JW: Do you think let’s say women have progressed? We know we have more to go. What are the biggest changes you would say you’ve seen from when you started out to now?
JG: Well, the biggest change is clearly women’s control over their body and their sexuality. I think that’s the biggest change I’ve seen. As disappointed as I am in what’s happening in the past, even ten years, not just with Trump, there’s been huge advance. You just cannot underestimate that.
JW: Over the years, you always thought you were a feminist and things have gone in many directions. What do you see, what’s your view, looking from the past to the present?

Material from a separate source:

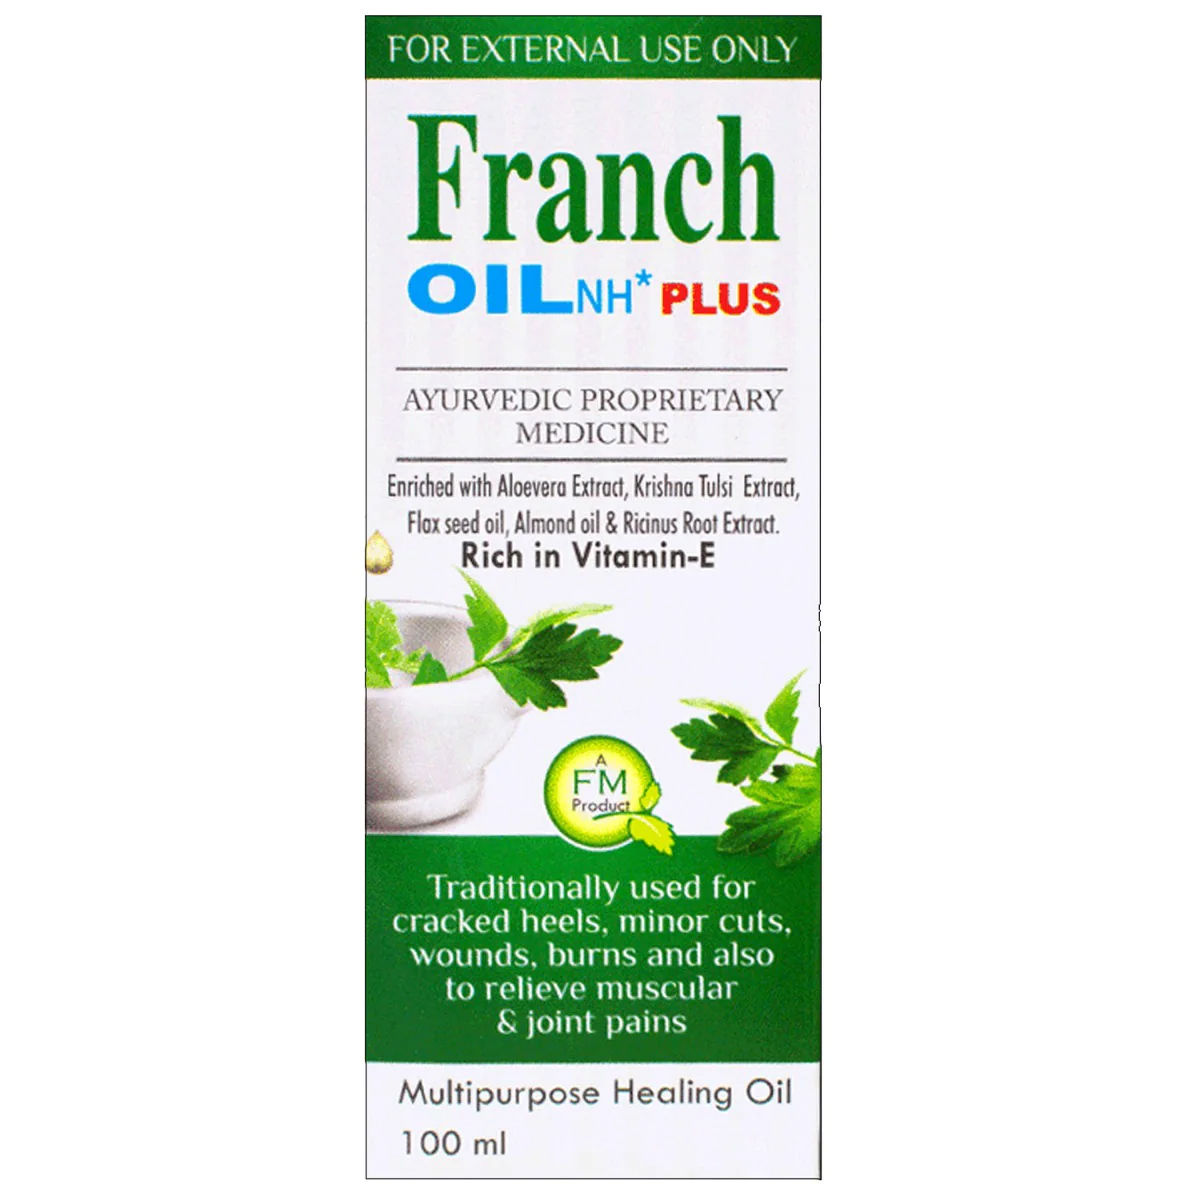 Franch Multipurpose Healing Oil, 100 ml Price, Uses, Side Effects,  Composition - Apollo Pharmacy
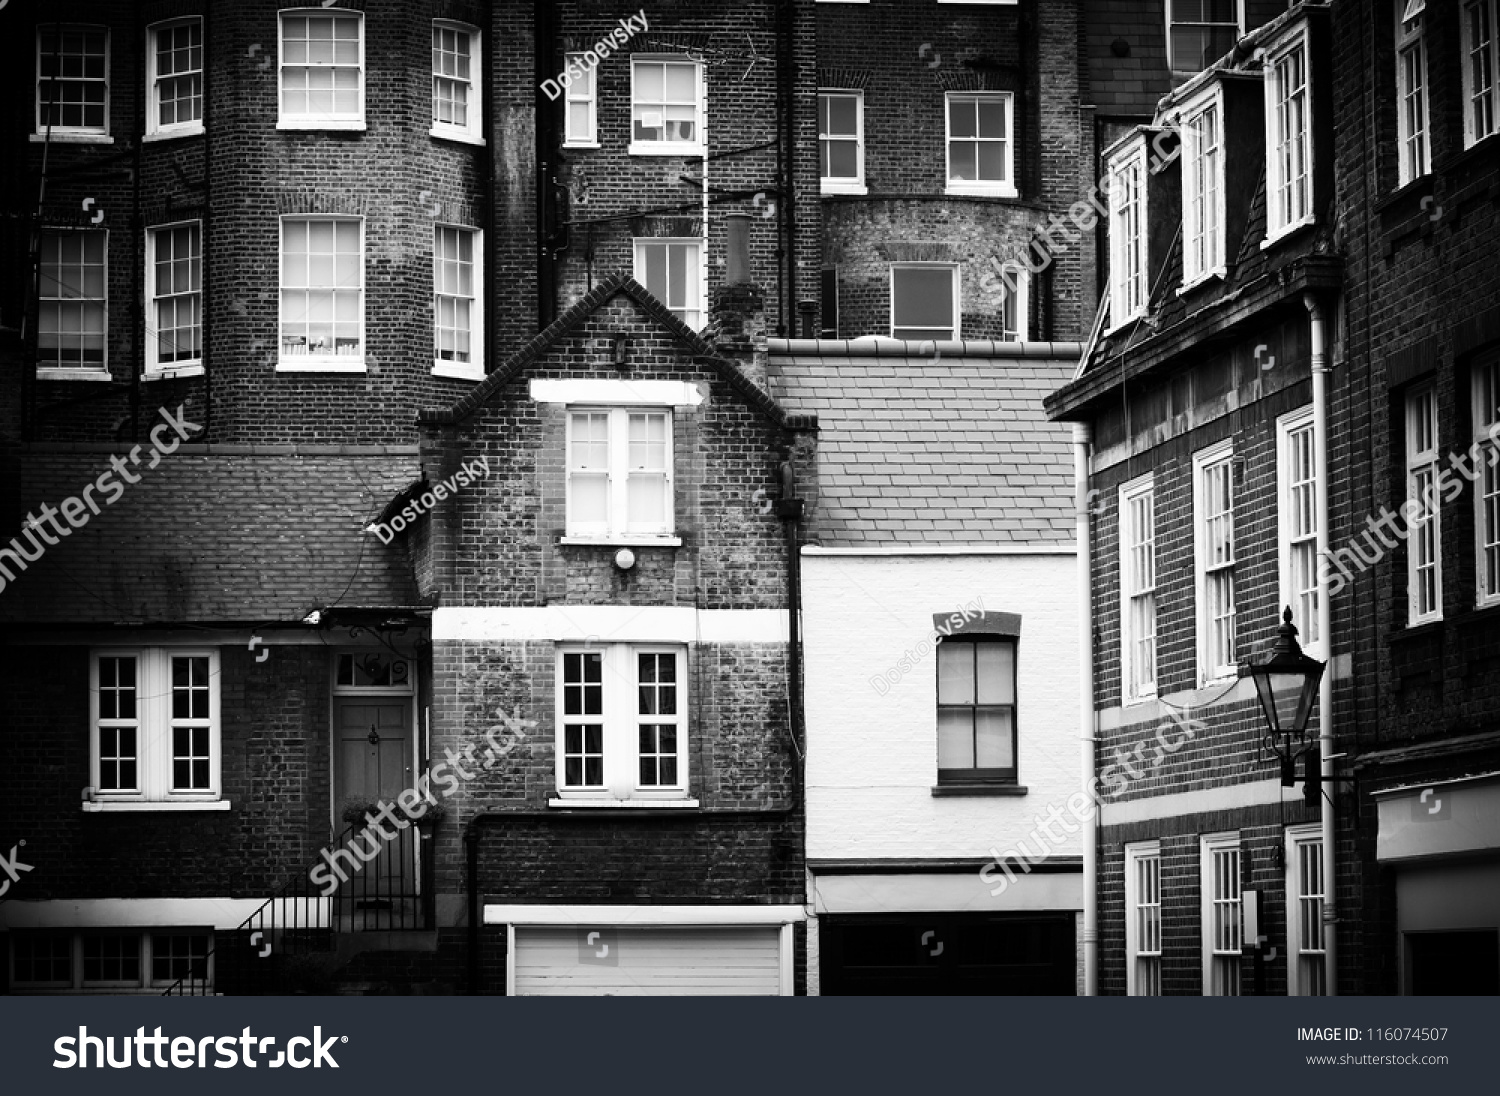 Ancient Architecture Of London Stock Photo 116074507 : Shutterstock

JG: Undoubtedly, we’ve come miles and miles and miles. That you cannot deny that women have much more substantial roles in society, that they’re more recognized today. That we recognize things like rape and sexual harassment. When I first started, you had to have two witnesses to be able to even bring a rape case in New York. And the employment situation, as slow as it’s been, has still certainly improved.
When I started out, women earned, I think it was about sixty-nine cents, and now it’s 82%. That’s relatively glacial. But part of that problem is the type of jobs. The jobs that women are going into, and that women still dominate are the low-income jobs. I think one of the major changes is certainly women’s sexuality and acknowledgement of their sexuality and control of their body. So, it’s not only the women’s movement, but birth control has made this huge difference. The two together, have made this huge difference.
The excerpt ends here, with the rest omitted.